Yeah I agree with all of that^

The SLO i played was pretty fizzy and we were cranking it. I'm sure it took a lot of work getting that SLO to sound like that in the clip.


----------



## Mordacain (May 19, 2013)

kylendm said:


> Yeah I agree with all of that^
> 
> The SLO i played was pretty fizzy and we were cranking it. I'm sure it took a lot of work getting that SLO to sound like that in the clip honestly.



The guy who made the videos' comments clearly state that we was using the same settings as on the other amps, just adjusted 1 up due to the Soldano's knobs going to 11.

Every SLO 100 I've played has been characterized by a lack of high-end fizz. They have ridiculously smooth and detailed midrange characteristics and if anything a relaxed high end.

Were you sure you were playing on the Lead channel and not the Crunch? The Crunch channel has a much crisper high-end, and throatier midrange and overall, much less gain.


----------



## erotophonophilia (May 19, 2013)

They're just not made for anything heavier than 80s glam/hair rock (I hate when people call it hair metal. And for $3,250, you shouldn't need to use a boost or OD, to get a decent tone. For that amount I'd go with an Ubershall.


----------



## Promit (May 19, 2013)

erotophonophilia said:


> They're just not made for anything heavier than 80s glam/hair rock (I hate when people call it hair metal. And for $3,250, you shouldn't need to use a boost or OD, to get a decent tone. For that amount I'd go with an Ubershall.


I said JetCity/Soldano, which includes the JCA22h that can be had for well under 400.

In any case, this type of statement is exactly what is getting me confused. "They're just not made for anything heavier [...]". Fine, but what does that actually _mean_? What makes the Uberschall or anything else better? I legitimately don't understand what the difference is that makes amp A suitable and amp B not, since it doesn't seem to be just the amount of gain available.


----------



## Rook (May 19, 2013)

Mordacain said:


> The guy who made the videos' comments clearly state that we was using the same settings as on the other amps, just adjusted 1 up due to the Soldano's knobs going to 11.
> 
> Every SLO 100 I've played has been characterized by a lack of high-end fizz. They have ridiculously smooth and detailed midrange characteristics and if anything a relaxed high end.
> 
> Were you sure you were playing on the Lead channel and not the Crunch? The Crunch channel has a much crisper high-end, and throatier midrange and overall, much less gain.



The SLO I tried sounded like it'd be good for getting Vai's DLR era tone, it had that wispy, hot-rodded marshall type tone. We could all just be using different words to describe our differing perceptions of the same thing.


----------



## SSK0909 (May 19, 2013)

Theyre super dynamic. 

No modern metal player wants that,, its all about DA TAITNEZZ now a days where every tone must be squished with boosts and gates ;-)


----------



## Seanthesheep (May 19, 2013)

Pierce the veil use some kind of soldano and they sound pretty modern.

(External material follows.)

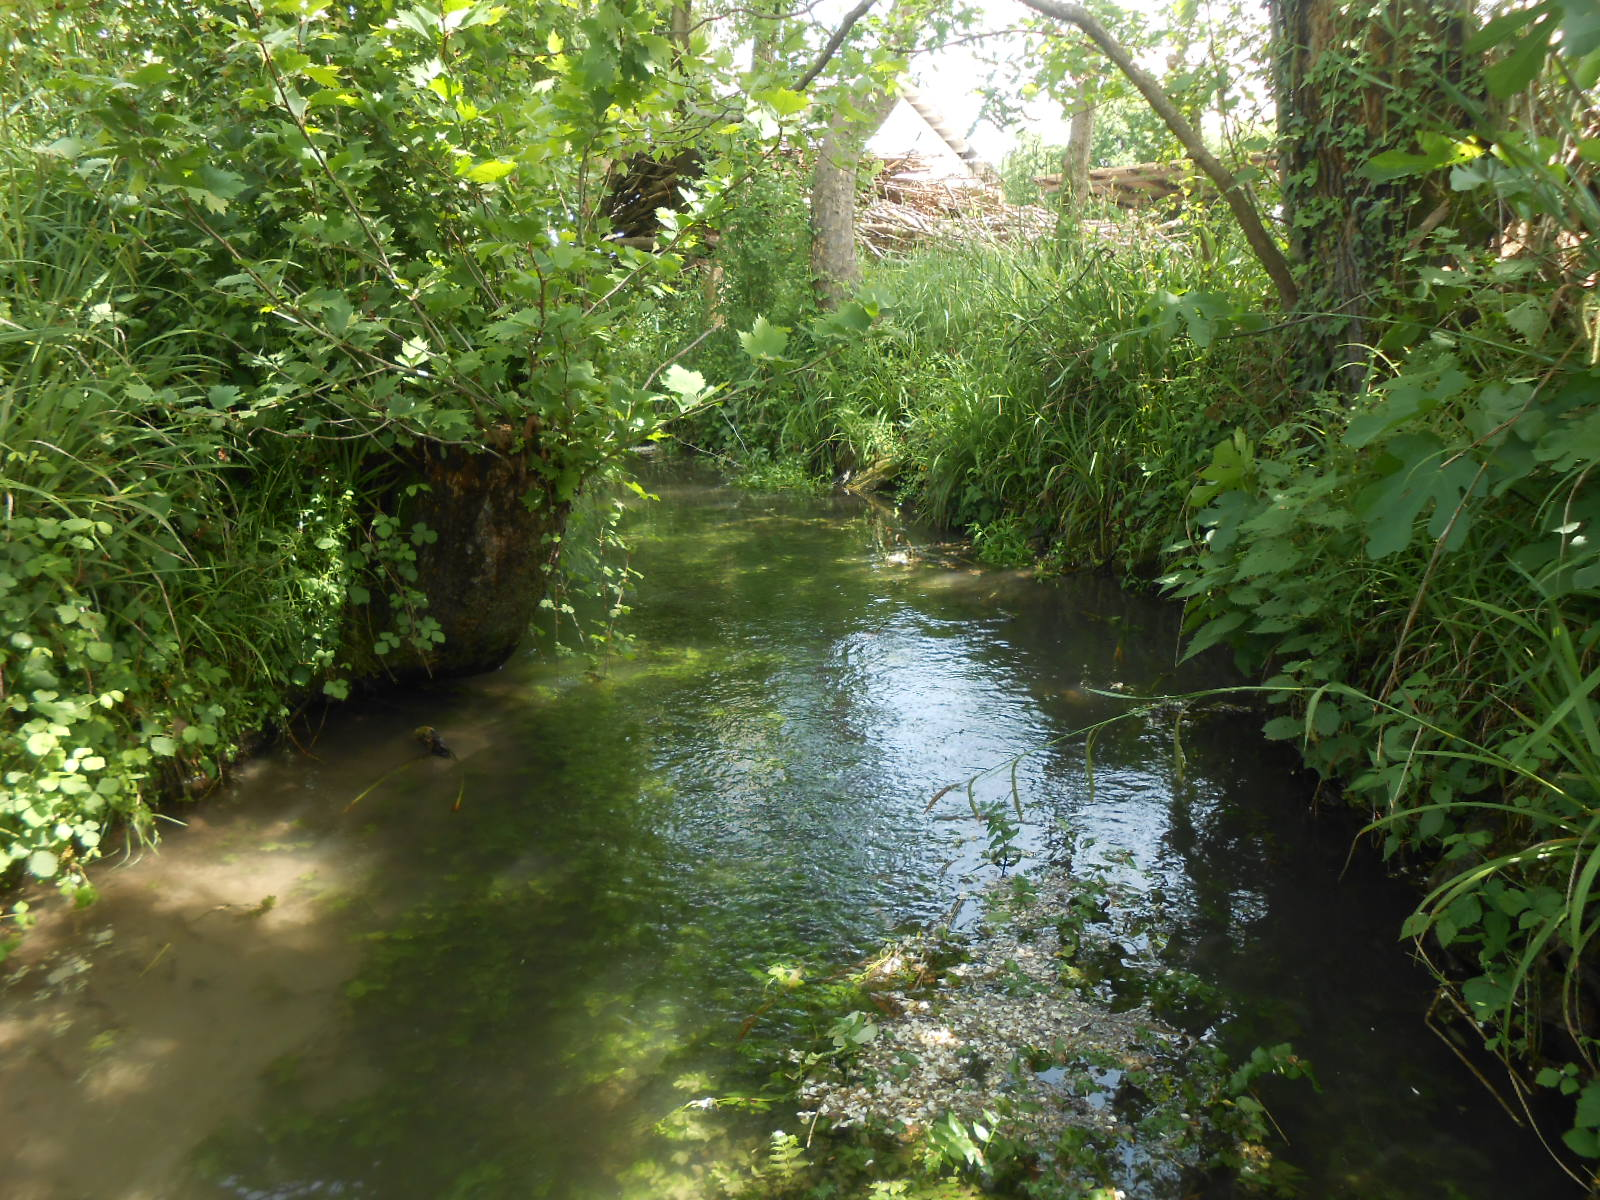 Vegetazione acquatica

But also obviously not very metal


----------



## TemjinStrife (May 19, 2013)

2 problems:

-Price (they are very pricey compared to some of the modern purpose-built high-gainers)
-They're long out of style. They will do modern metal just fine, but in conjunction with their price and rarity means that you just won't see them on many touring stages when a cheaper 5150 or Recto (which are both SLO derivatives) will do just fine.


----------



## VBCheeseGrater (May 19, 2013)

erotophonophilia said:


> And for $3,250, you shouldn't need to use a boost or OD, to get a decent tone.

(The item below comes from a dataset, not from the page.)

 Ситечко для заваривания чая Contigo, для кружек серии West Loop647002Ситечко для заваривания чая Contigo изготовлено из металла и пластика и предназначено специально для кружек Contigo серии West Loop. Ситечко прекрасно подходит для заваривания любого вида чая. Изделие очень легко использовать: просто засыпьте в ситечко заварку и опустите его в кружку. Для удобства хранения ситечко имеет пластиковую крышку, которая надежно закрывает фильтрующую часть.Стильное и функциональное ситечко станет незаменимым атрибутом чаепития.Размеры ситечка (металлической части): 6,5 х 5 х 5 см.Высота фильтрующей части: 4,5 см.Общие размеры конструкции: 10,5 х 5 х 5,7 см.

Perhaps i have not played enough high gain amps, but this seems like a bit of a catch 22. Boosts are typically solid state pedals, and the minute you put one in an amp people freak out. Yet i've never heard a tube amp get that same level of tightness without a boost in front. Every amp i've owned (a few Mesas, 5150, 6505+, Jet City..) has benefited from a boost for chug type tones. 

At this point i prefer to use a boost, as it ensures i have two tones at my feet on and given single amp channel. Less aggressive with boost off, boost on to get heavier.


----------



## Chickenhawk (May 19, 2013)

> What's wrong with using a Soldano for modern metal?



Nothing.


----------



## Choop (May 19, 2013)

TemjinStrife said:


> 2 problems:
> 
> -Price (they are very pricey compared to some of the modern purpose-built high-gainers)
> -They're long out of style. They will do modern metal just fine, but in conjunction with their price and rarity means that you just won't see them on many touring stages when a cheaper 5150 or Recto (which are both SLO derivatives) will do just fine.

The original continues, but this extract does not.